A Company funds paying for B company Expenses

Hello, the person I work for is the sole owner of two separate companies... He often uses the funds from "A inc." to pay for expenses in "B Inc". What is the best way to journalise this ( thinking about tax impacts too) ? as a shareholder equity? Shareholder loan? loan from company A to B?

  • 0

    Just create a new account called 'Due To/From A' in Company B and 'Due To/From B' in company A. it can be set up as either an asset account or a liability account. At each of each month just compare the 2 accounts with each other to ensure they both reconcile to each other. When funds are transferred from A then A would record as a general journal entry CR Bank and DR Due to/From B, Then in B you would do the same journal entry to DR bank and CR Due to/from A.

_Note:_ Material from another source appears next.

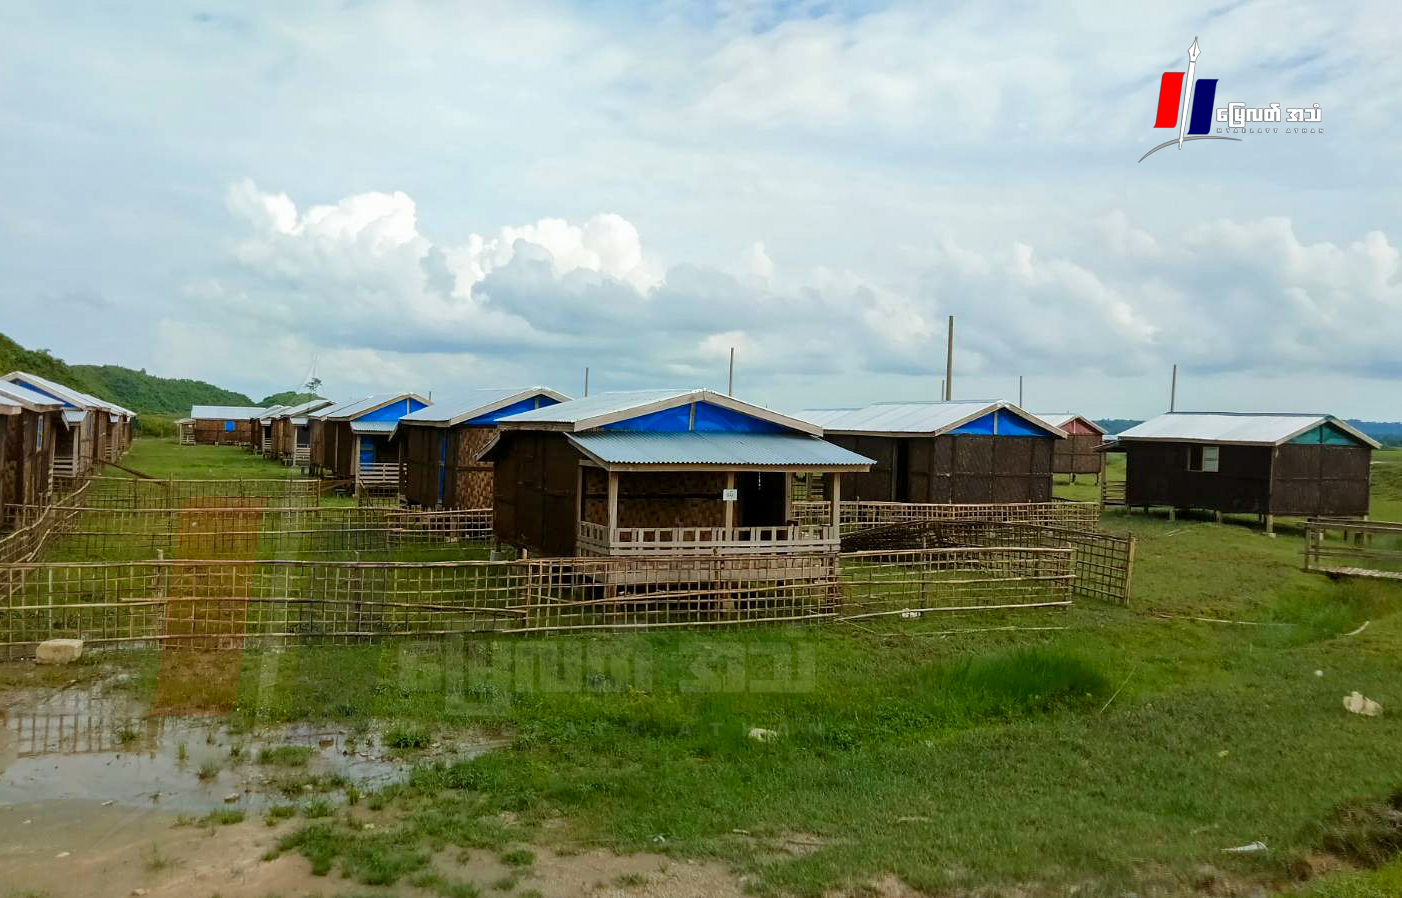 ဒုက္ခသည်စခန်းရေမြုပ်လို့ အသစ်ဆောက်ပေးခဲ့တဲ့ စခန်းအသစ်နေရာမှာလည်း ရေမြုပ်နေဆဲဖြစ်

  • 0 in reply to Smith and Co

    In my case, the company owner often makes payments from her personal account and later (or before) writes cheques to herself to cover it.

    I ended up setting up the "1065 [owner] for bill payment" account as an asset account like Smithco says.  (it can go contra (negative) from time to time - that doesn't matter).  The point of this post is that I set it up the "due" account as account class "bank", so I can make payments FROM it directly.

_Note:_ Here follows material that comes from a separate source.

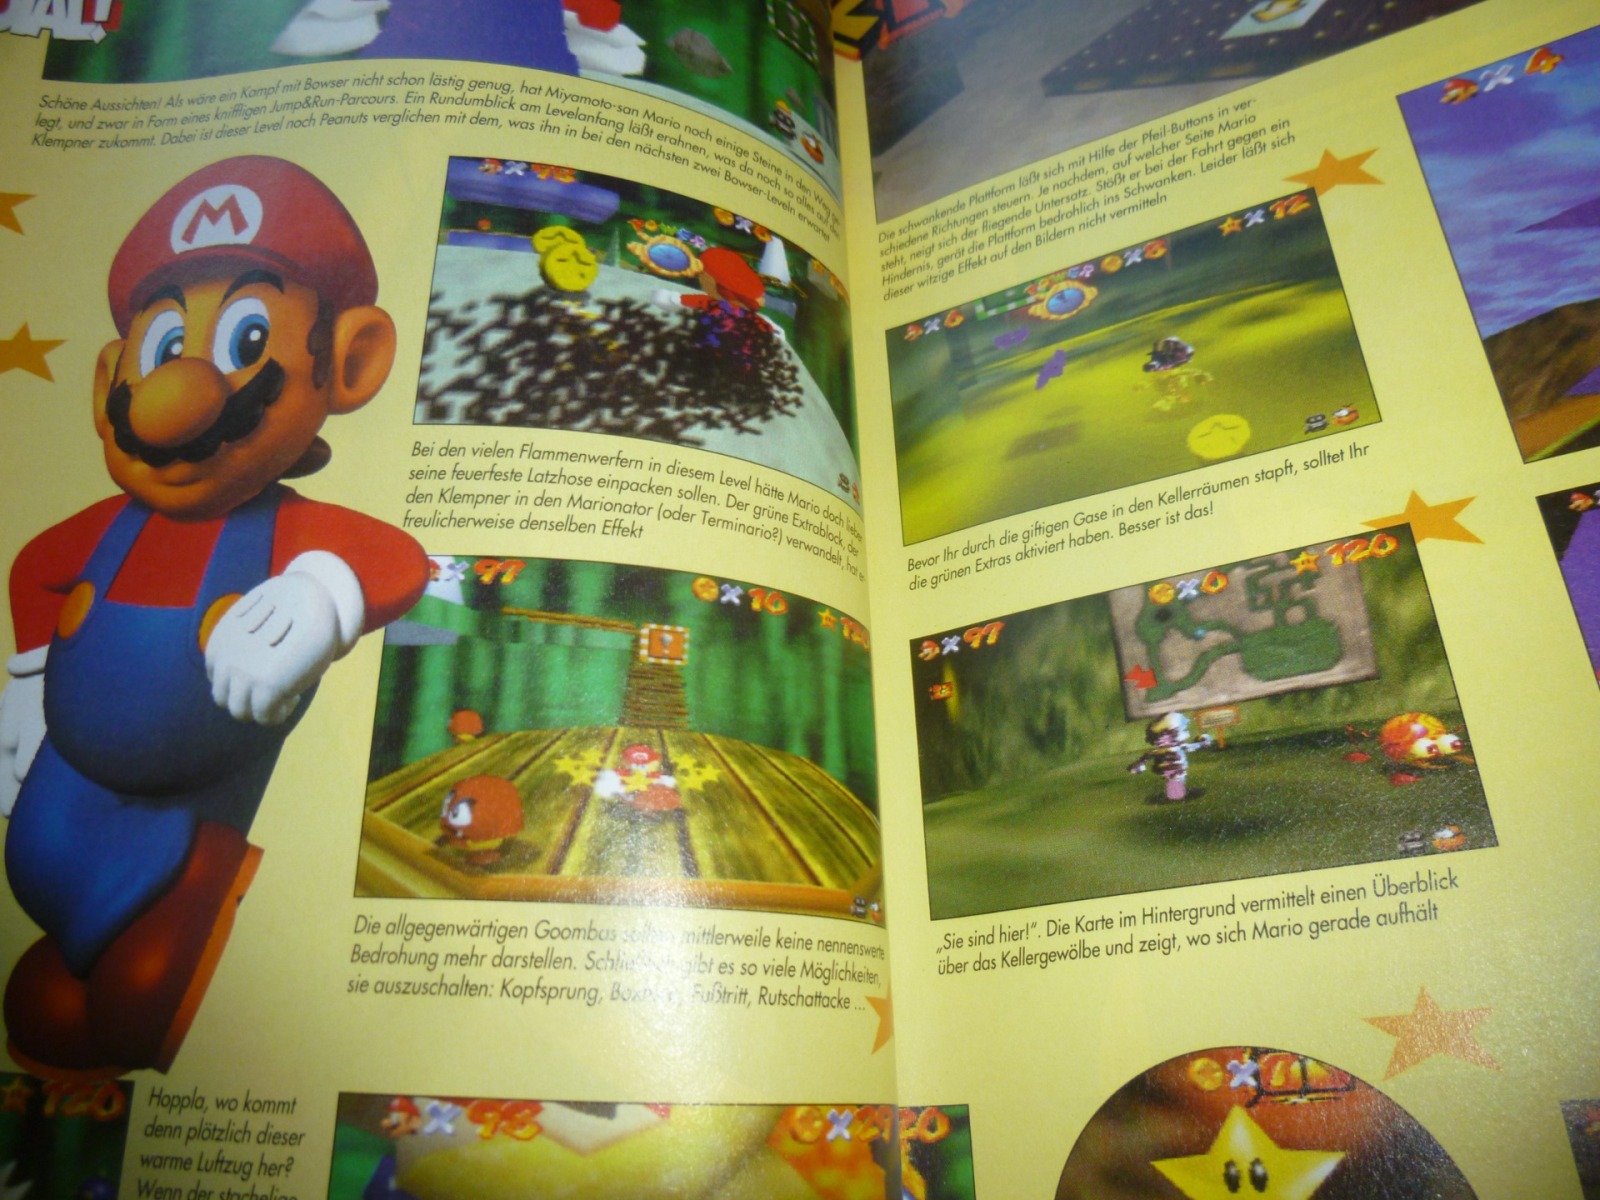 TOTAL Das unabhängige Magazin - 100% Nintendo - Ausgabe 10/96 1996 10

    When she uses her personal interac to send cash to one of her contractors, I just enter a purchase by "cash" from "[owner] for bill payment" account.  No playing with the journal is needed.  

    Then her cheques to herself are "other payment" from the regular chequing account for account 1065.

    In my case, I'm only accounting for the entity on one side.  In your case, with both entities under your accounting, I think I agree with Smithco's "due to/from" terminology.